The Banking Industry's Biggest Problem isn't Bonuses or Market Share

January 21, 2014

Ha-Joon Chang

Ha-Joon Chang
The Guardian, January 21, 2013

Last Friday, in another of those agenda-setting speeches for which he has rightly become famous, Ed Miliband took on the biggest of what he describes as “the broken markets” in the UK economy – the financial market.

Taking his “cost of living crisis” theme to another level, the Labour leader emphasised that the issue is not just about oligopolistic firms fleecing their customers; it is also about the lack of jobs with decent wages that can support decent standards of living. The problem with the British banking industry, Miliband pointed out, is not just about the concentration of financial power in the personal account market, but also in the business loan market.

According to Miliband’s analysis, the dominant banks are not lending enough to small and medium-sized enterprises because they form a cosy oligopoly (controlling 85% of small business lending) that does not want to take any risk; enterprise loans are inherently riskier than mortgage and personal loans. Given that small businesses create most jobs in the UK (as they do in all countries), lack of finance for them is limiting the creation of decent jobs. The solution, he argued, is to introduce more competition into the small business lending market by capping the share of individual banks.

This proposal has caused much controversy. However, one thing is certain: it is going to be slow-acting. It may be years before proper “challenger” banks emerge, given the time necessary for the review by the Competition and Markets Authority – which takes over the roles of the Competition Commission and Office of Fair Trading from April – and for the process of selling branches.
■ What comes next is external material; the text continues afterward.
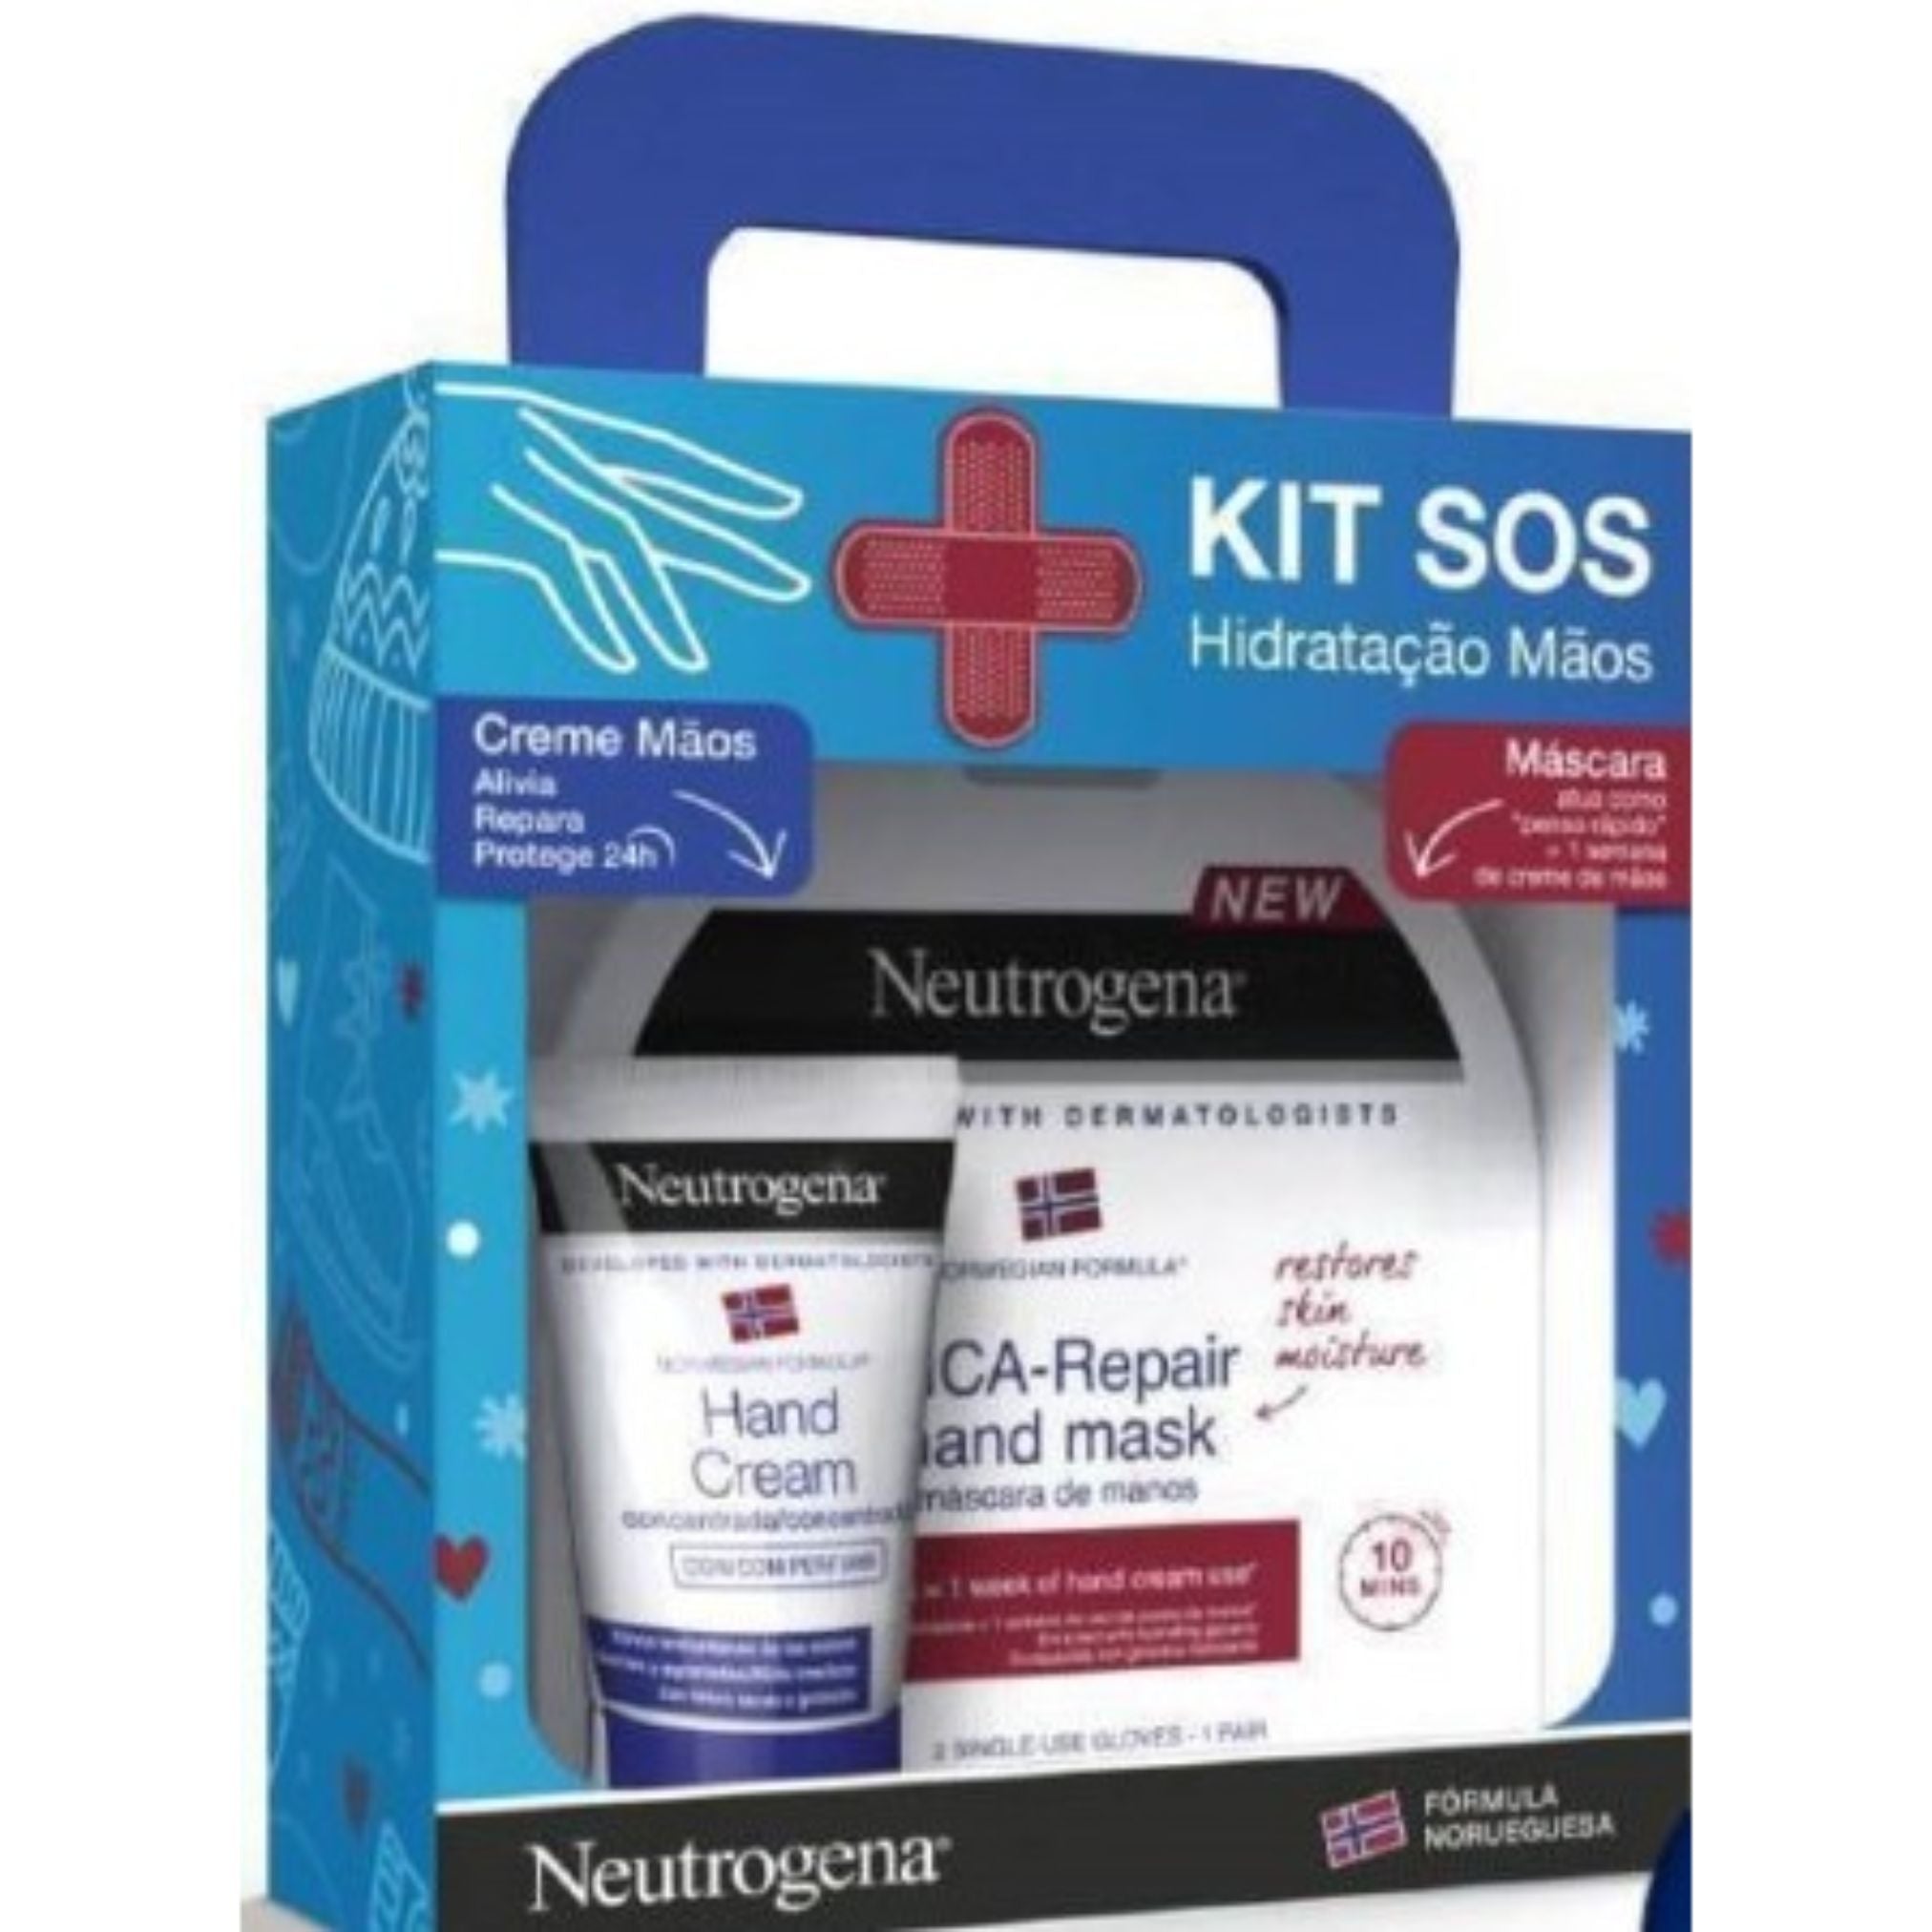 Neutrogena Pack Promocional: Neutrogena Máscara de Mãos Cica-Repair x1 + Neutrogena Creme Mãos Concentrado com Perfume 40ml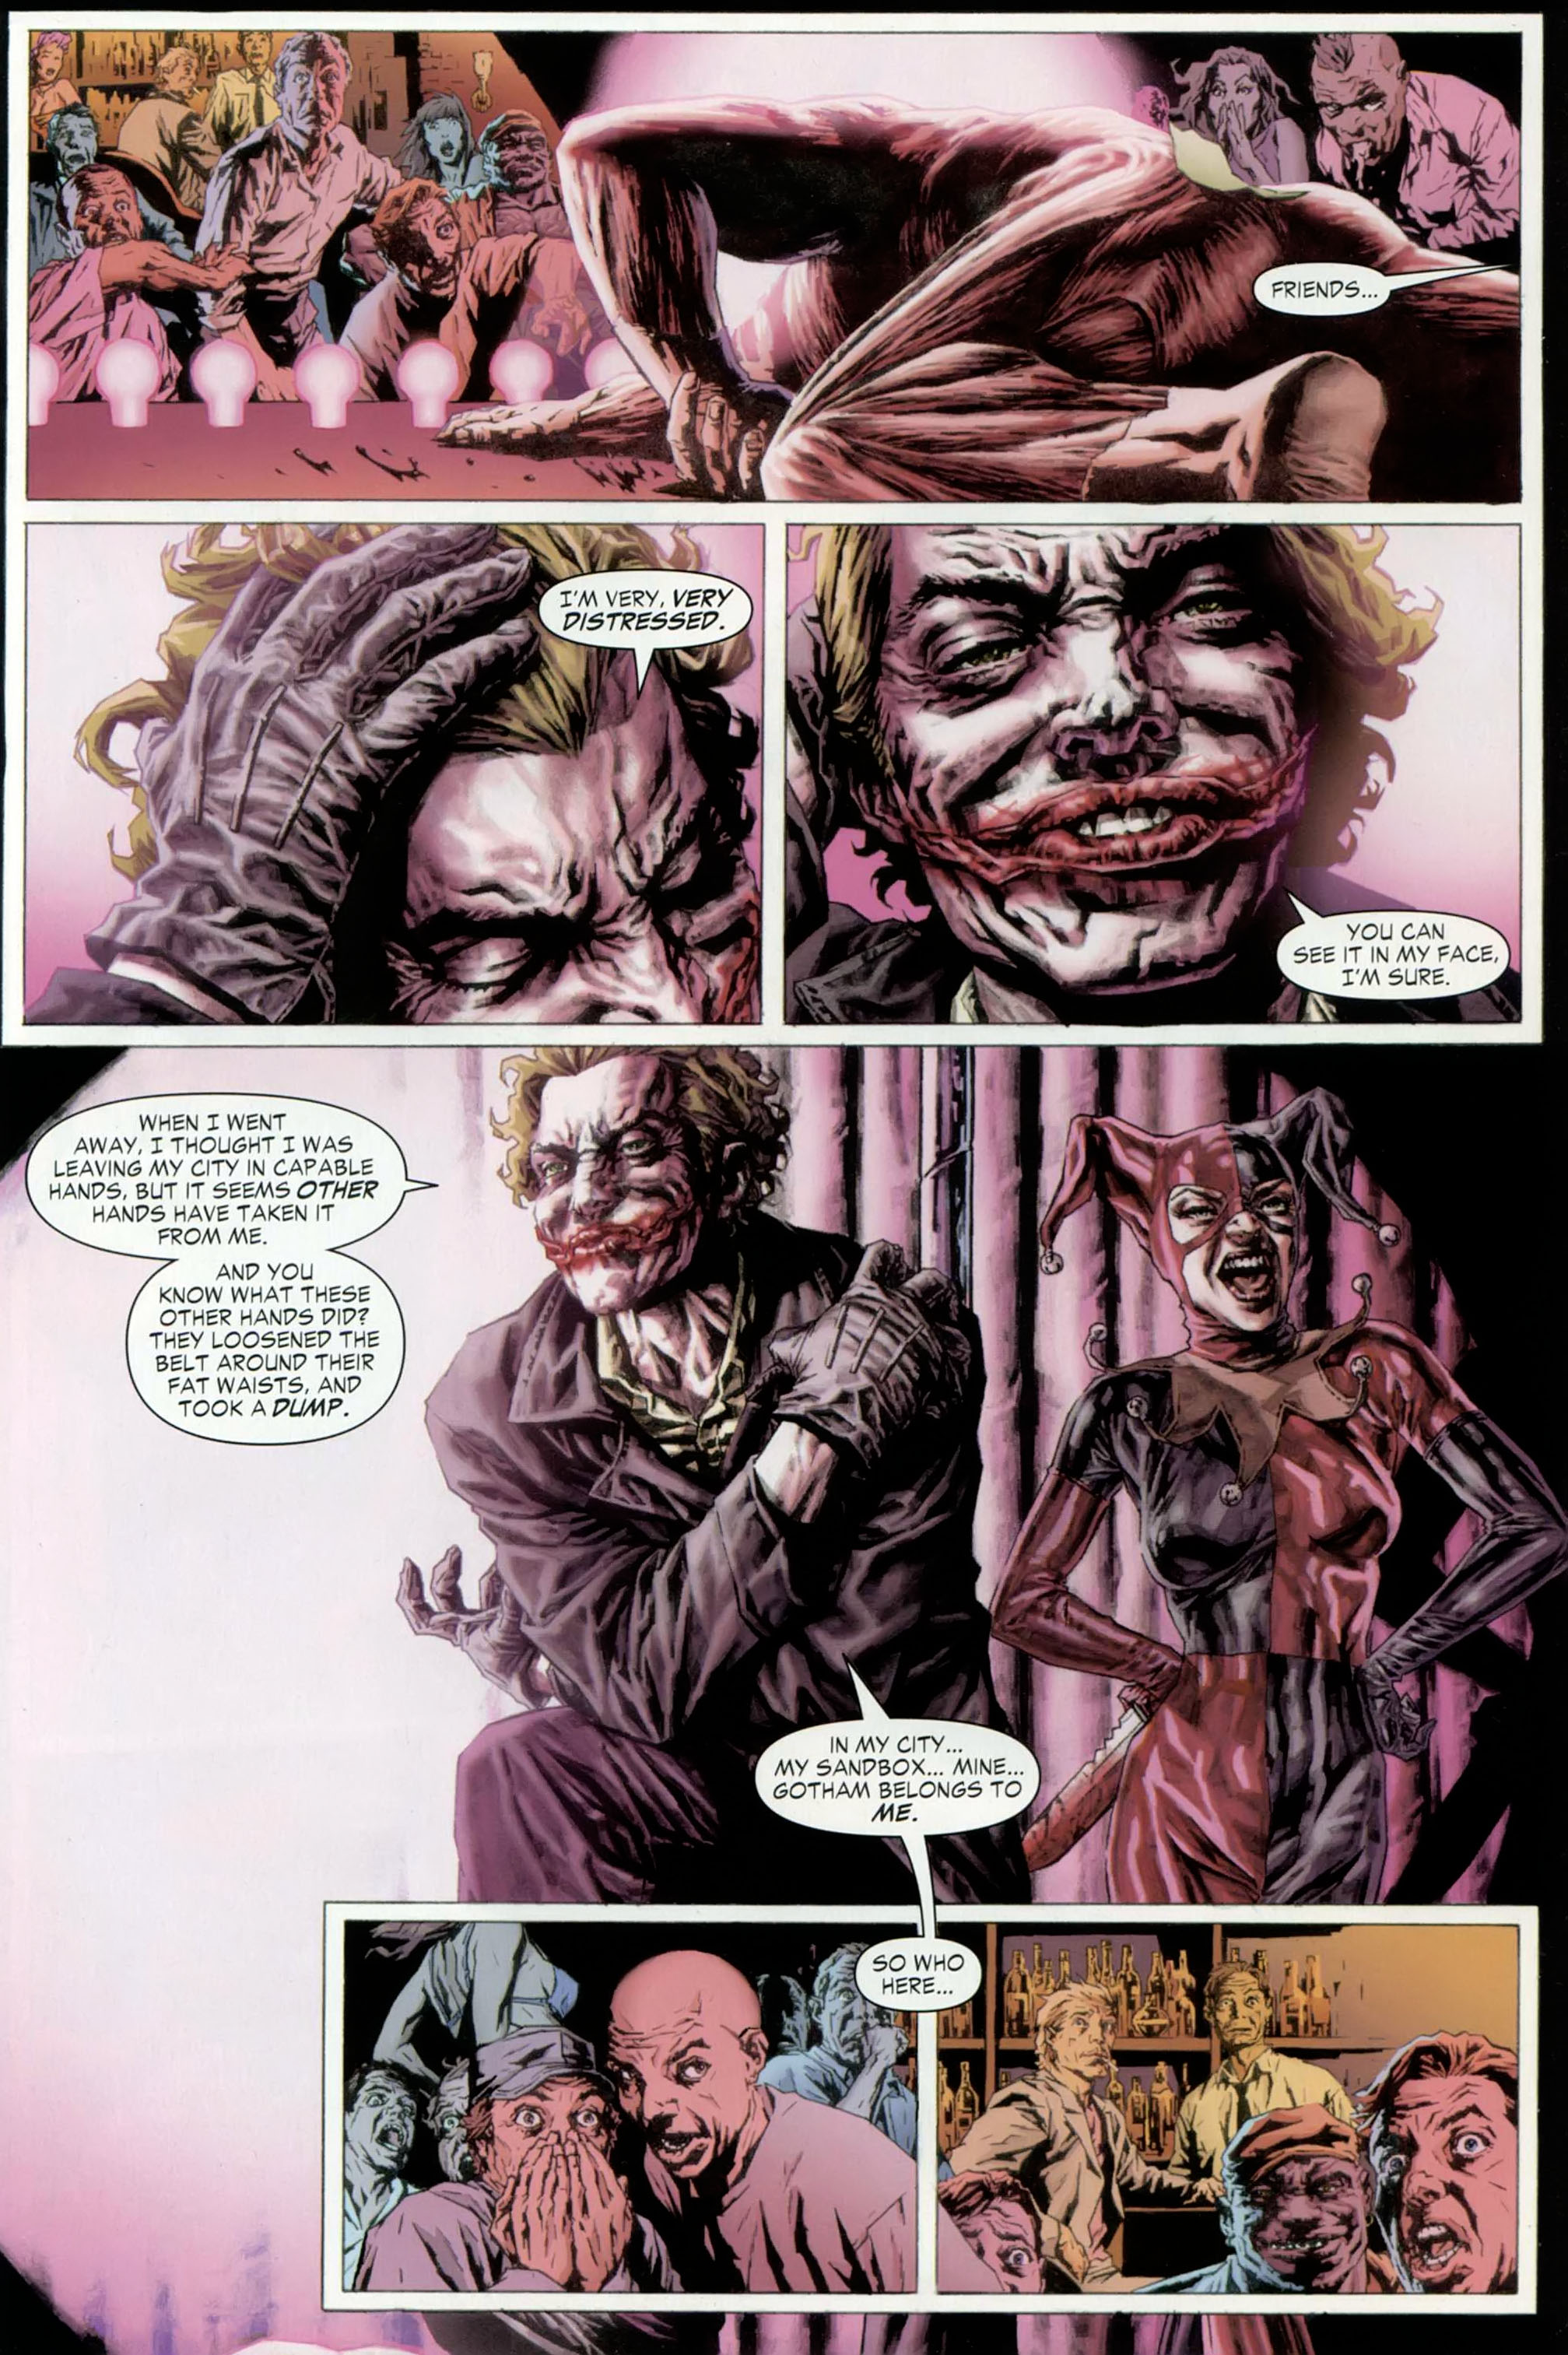 The Joker - 1 of 4

But there is a quicker and simpler solution to this problem. It is for the government to use its ownership of two of the big four banks, RBS and Lloyds, to direct more lending to small businesses. Thanks to the bailout following the 2008 financial crisis, RBS is 81% owned by the government. This means it can tell RBS what to do. It also owns 33% of Lloyds, and while this does not give it a total control over the bank, it is well above what is normally considered a “controlling stake” in an enterprise.

Now, if you can basically tell two of the four largest banks what to do – say, to increase lending to small businesses – why go through the rigmarole of calculating their market shares and forcing them (and the other two) to sell off some of their branches?

The usual refrain is that Westminster cannot make RBS and Lloyds do things differently because, in order to survive, these banks need to behave like other competitors: generating as much profit and paying their staff as much.

This argument may be right if the existing business model of British banks and other financial companies is fine. But it is not. It is a business model that has caused the biggest financial crisis in 70 years and created imbalances and inequalities that threaten the future viability of the British economy. The fact that the political class, including Miliband himself, cannot even imagine state-owned banks ditching such a model is a testimony to the power of the financial industry lobby.

From the day when RBS and Lloyds were bailed out, the Labour government was at pains to emphasise it would run them along the same lines as before nationalisation. The only thing for which Labour and, subsequently, the coalition government have used the government’s dominant shareholding position has been to restrain bonuses. But this is really missing the point.

The problem with bonuses in the financial industry is not about their levels – if someone makes a huge contribution to the economy, he or she should be richly rewarded. The main problem is that these bonuses are given to people for doing the wrong things well – things that harm the economy in order to enrich the shareholders, the top managers of banks and other financial firms.

So the real question is how we make banks and other financial firms pursue the right goals, rather than how much people should be paid, whether in bonuses or salaries. And the only way to make them pursue different goals from those they pursue now is to change the rules of the game.

Unfortunately, few regulations have been introduced since the crisis that have materially changed the goals of financial companies. The result has been “business as usual”.

All those complex and risky financial products that were at the centre of the 2008 financial crisis – such as mortgage-backed securities, collateralised debt obligations, credit default swaps and other financial derivatives – are back in vogue again.

The credit rating agencies, whose incompetence and cynicism in rating those financial products has become legendary after the crisis, are still operating in the same way.

Thanks to Help to Buy, the mortgage-lending market is nearly back to its old self. Now you can get loans that are 95% equal to the value of the house – not quite the 125% you could get before the crisis, but nearly there.

In the absence of measures to encourage longer-term shareholding – for instance, by granting more votes or tax advantages – short term-oriented shareholders are still reigning supreme, putting pressures on banks to generate short-term profits, whatever the consequences.

The main problem with the British financial industry is not the level of bonus, or even the concentration in the banking sector; it is that the industry is pursuing goals that are detrimental to the long-term economic viability of the country, in the process enriching only a tiny minority and sapping human and financial resources from the rest of the economy.

Unless those goals are changed through better regulation, the industry will remain harmful to the rest of the economy, whatever we do about bonuses and market concentration.

Ha-Joon Chang is a Senior Research Associate with the Center for Economic and Policy Research.